*What is required*: Copy out all lines of the listing below that hold "model".

*Provided information*:
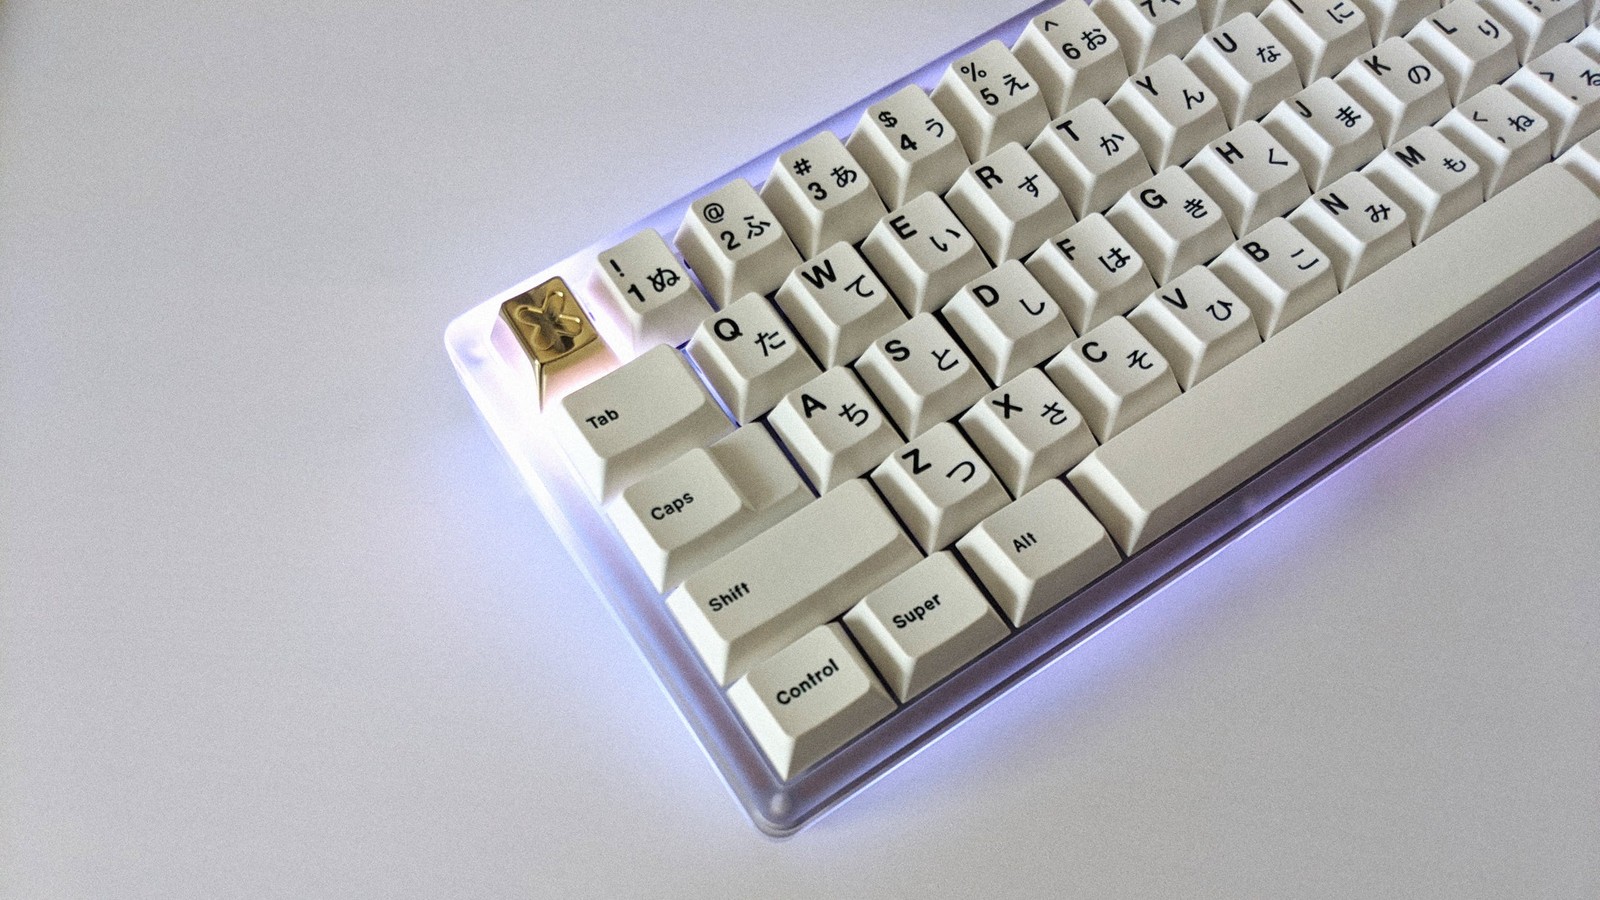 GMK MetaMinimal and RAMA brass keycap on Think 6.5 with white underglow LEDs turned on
...
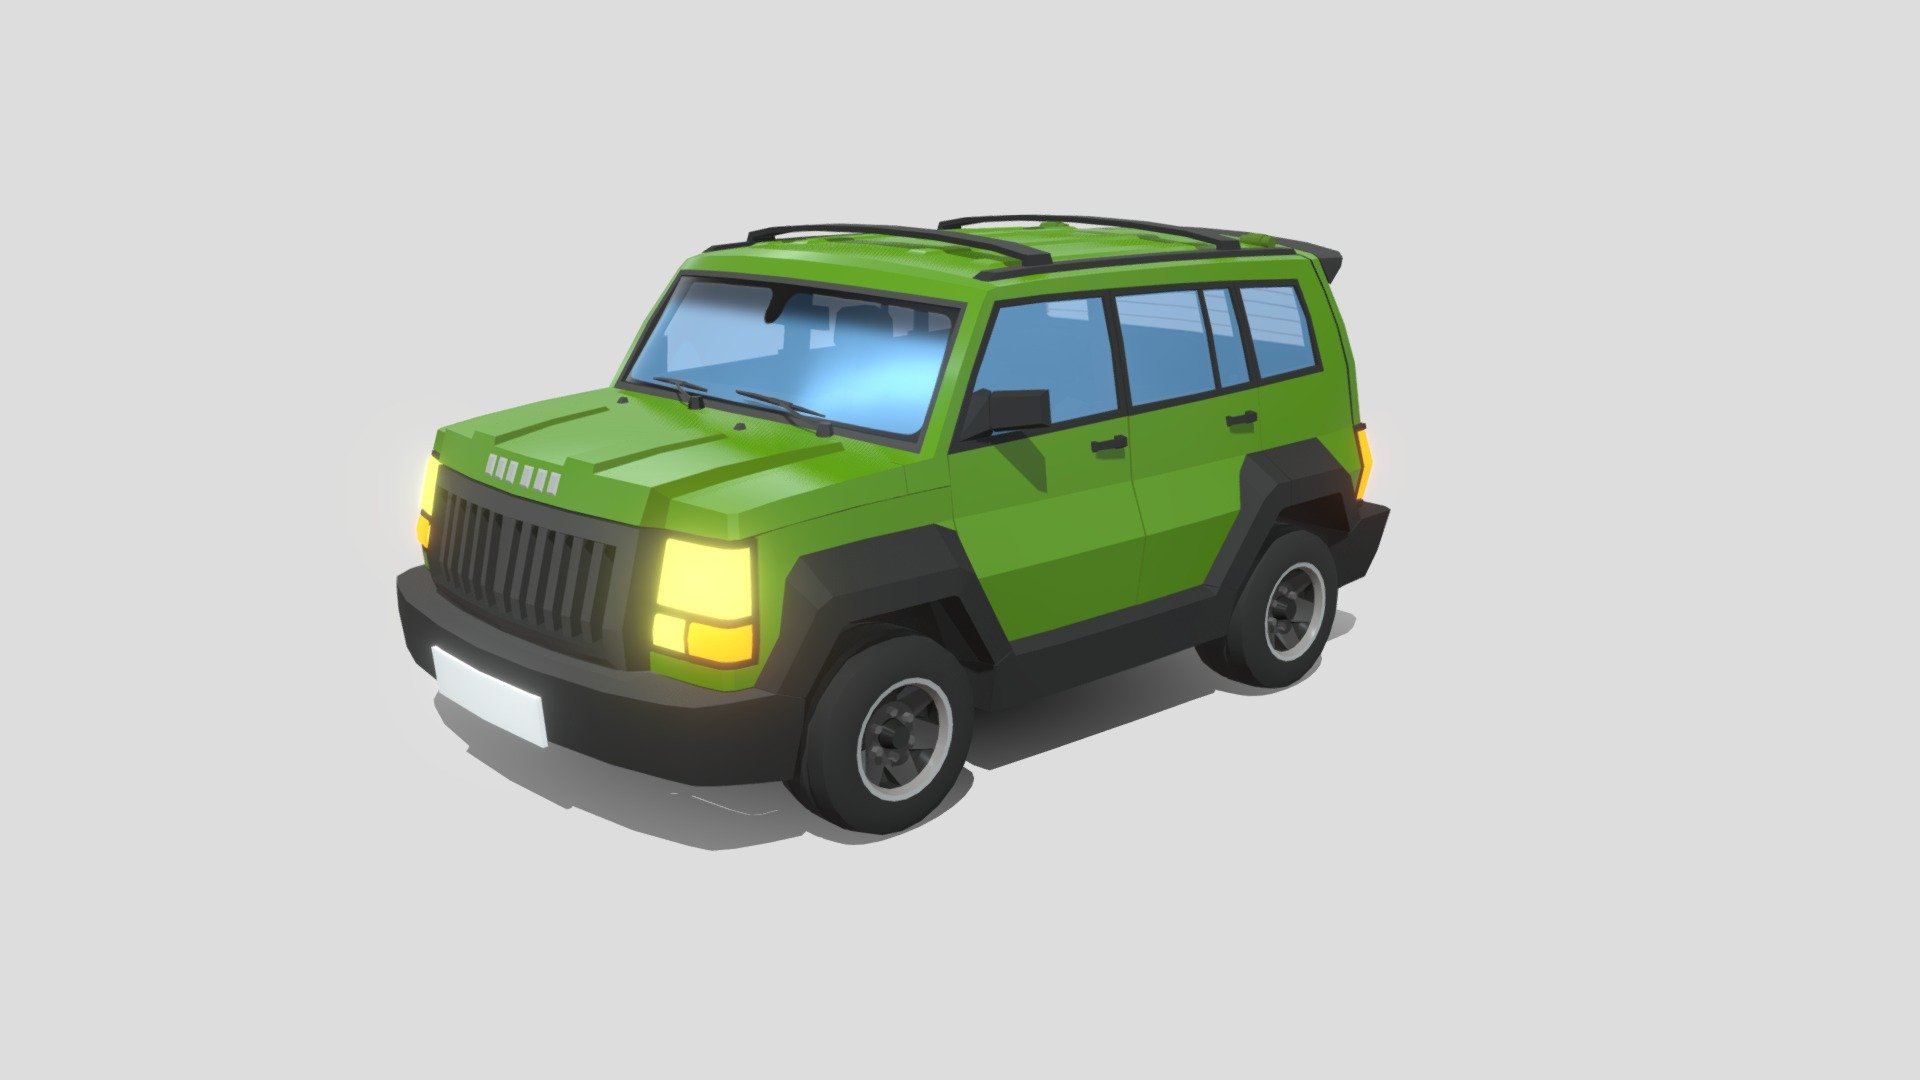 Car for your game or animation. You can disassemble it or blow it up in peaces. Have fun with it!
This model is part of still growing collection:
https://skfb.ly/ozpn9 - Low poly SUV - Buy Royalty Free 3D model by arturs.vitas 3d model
* * *
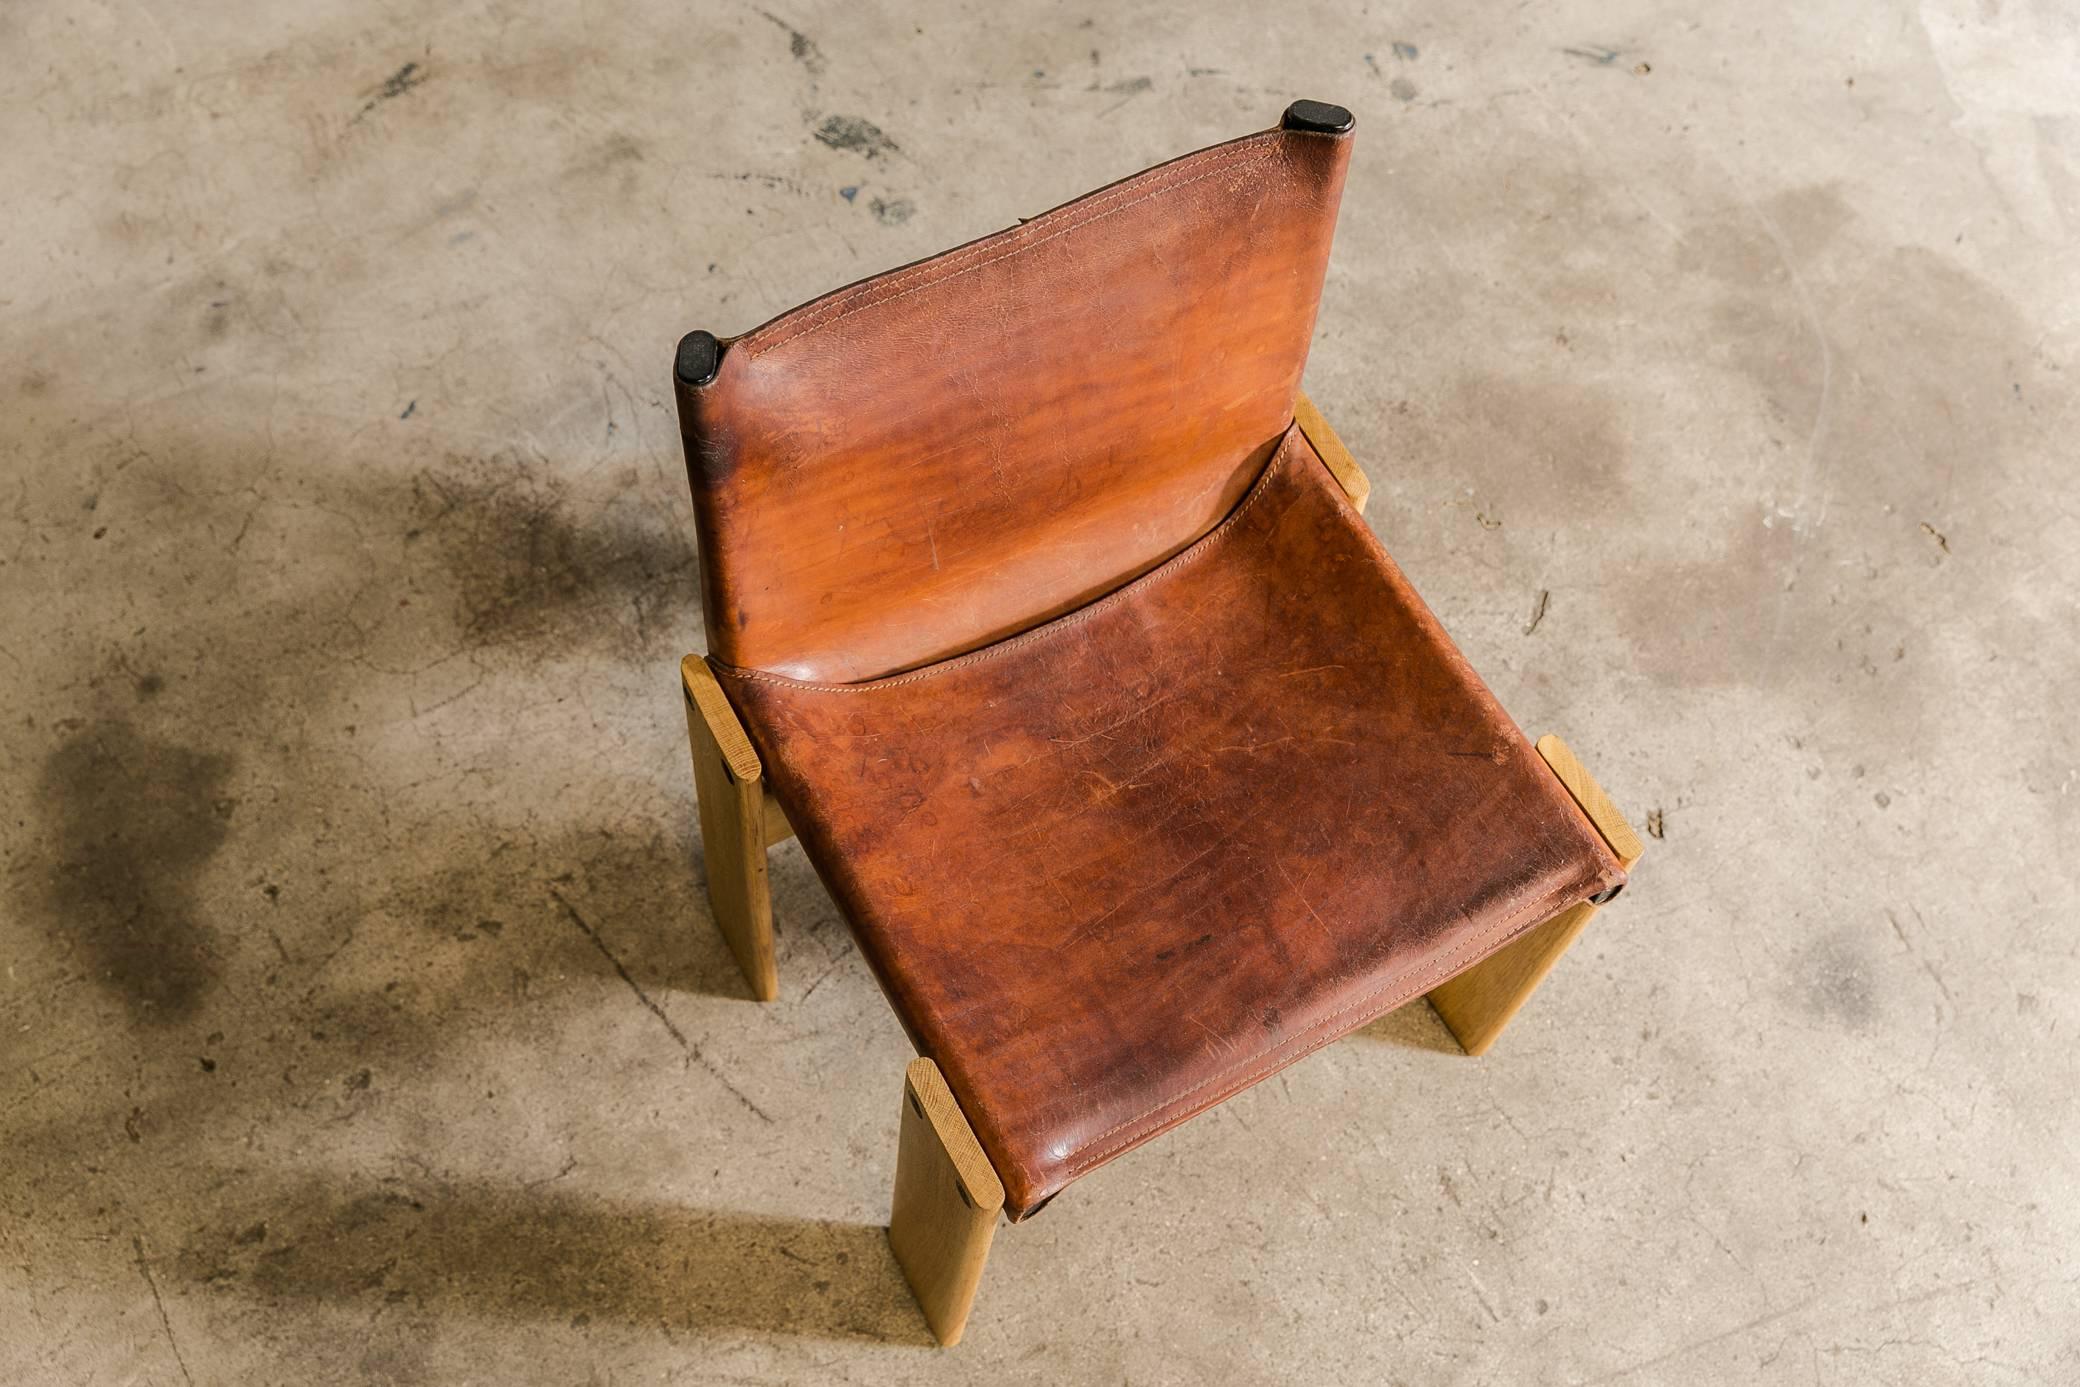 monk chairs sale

*Response box*:
This model is part of still growing collection:
https://skfb.ly/ozpn9 - Low poly SUV - Buy Royalty Free 3D model by arturs.vitas 3d model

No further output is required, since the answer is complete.